◆ Supplied records:
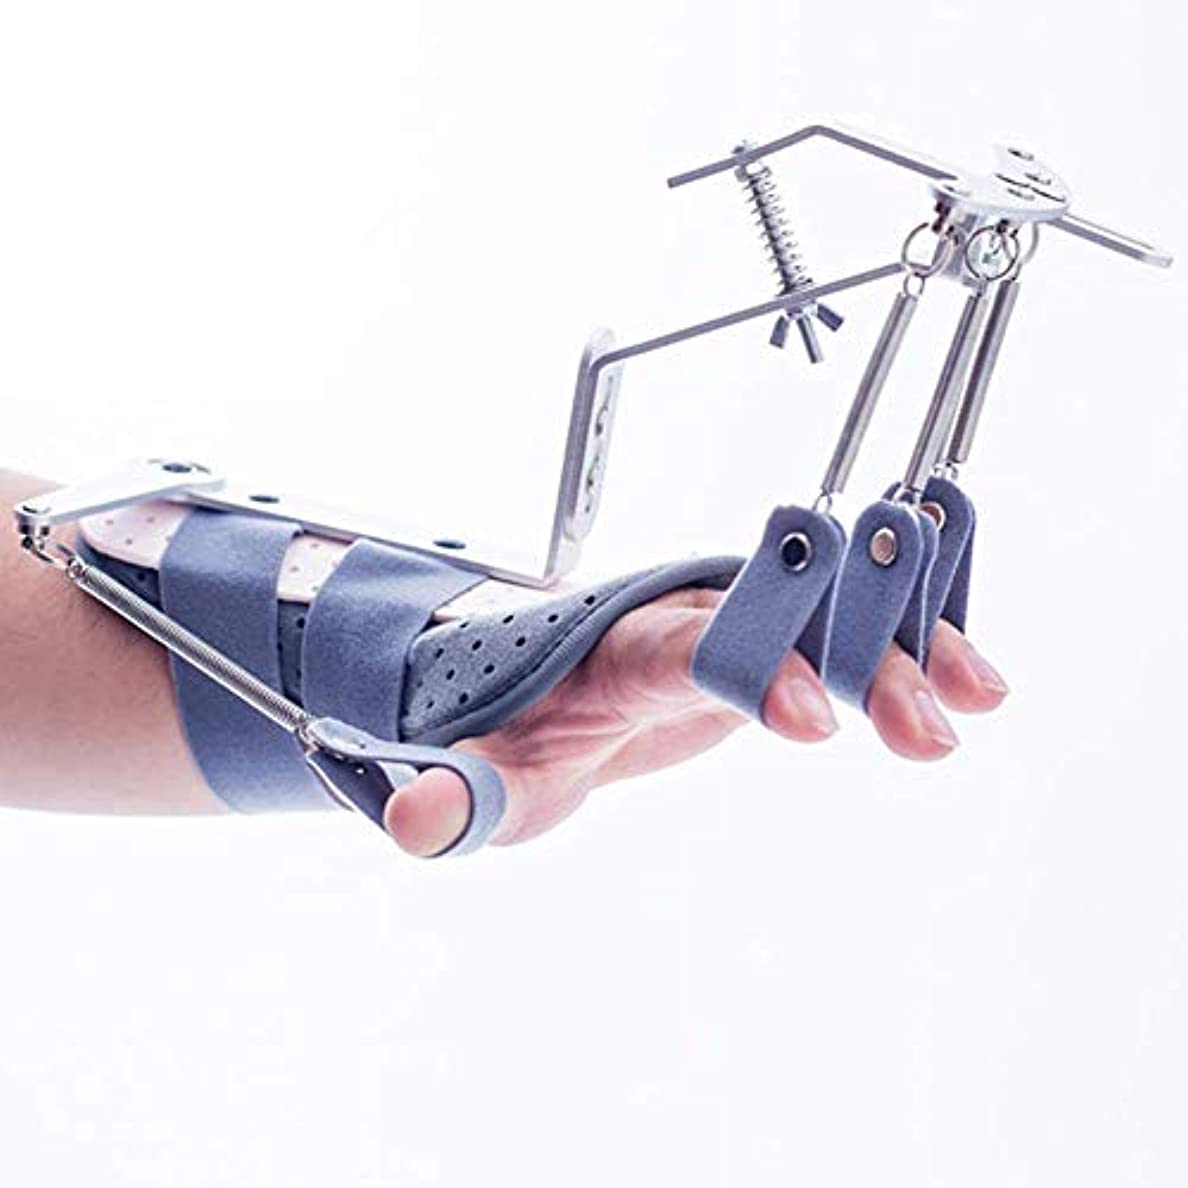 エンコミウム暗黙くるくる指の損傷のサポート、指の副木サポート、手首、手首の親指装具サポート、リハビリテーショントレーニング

---

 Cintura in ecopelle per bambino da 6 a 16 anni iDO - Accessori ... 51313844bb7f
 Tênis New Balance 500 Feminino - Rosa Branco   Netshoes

* * *

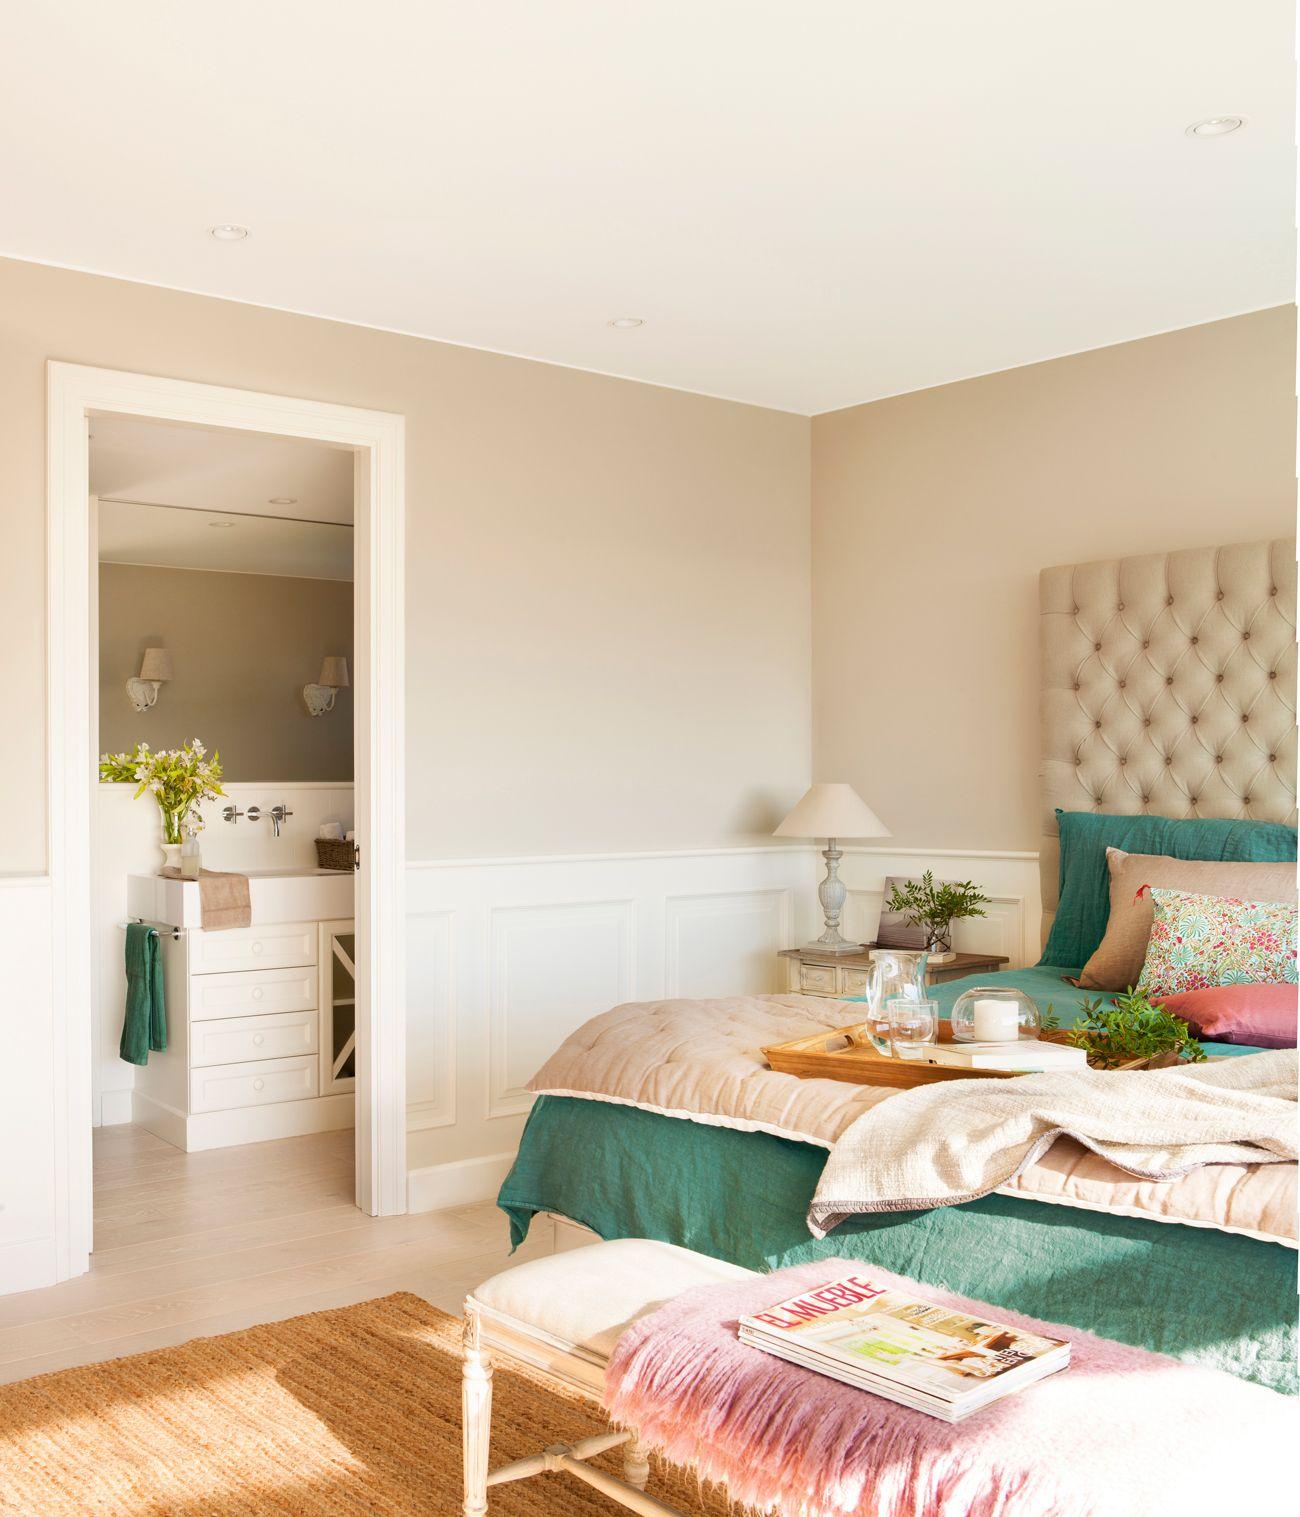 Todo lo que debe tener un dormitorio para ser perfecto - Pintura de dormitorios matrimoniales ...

◆ What the task requires:
Begin at the line that has "Cintura in ecopelle" in the entries above; stop after the line that has "Tênis New Balance". Transcribe exactly those lines and no others.

◆ Result below:
 Cintura in ecopelle per bambino da 6 a 16 anni iDO - Accessori ... 51313844bb7f
 Tênis New Balance 500 Feminino - Rosa Branco   Netshoes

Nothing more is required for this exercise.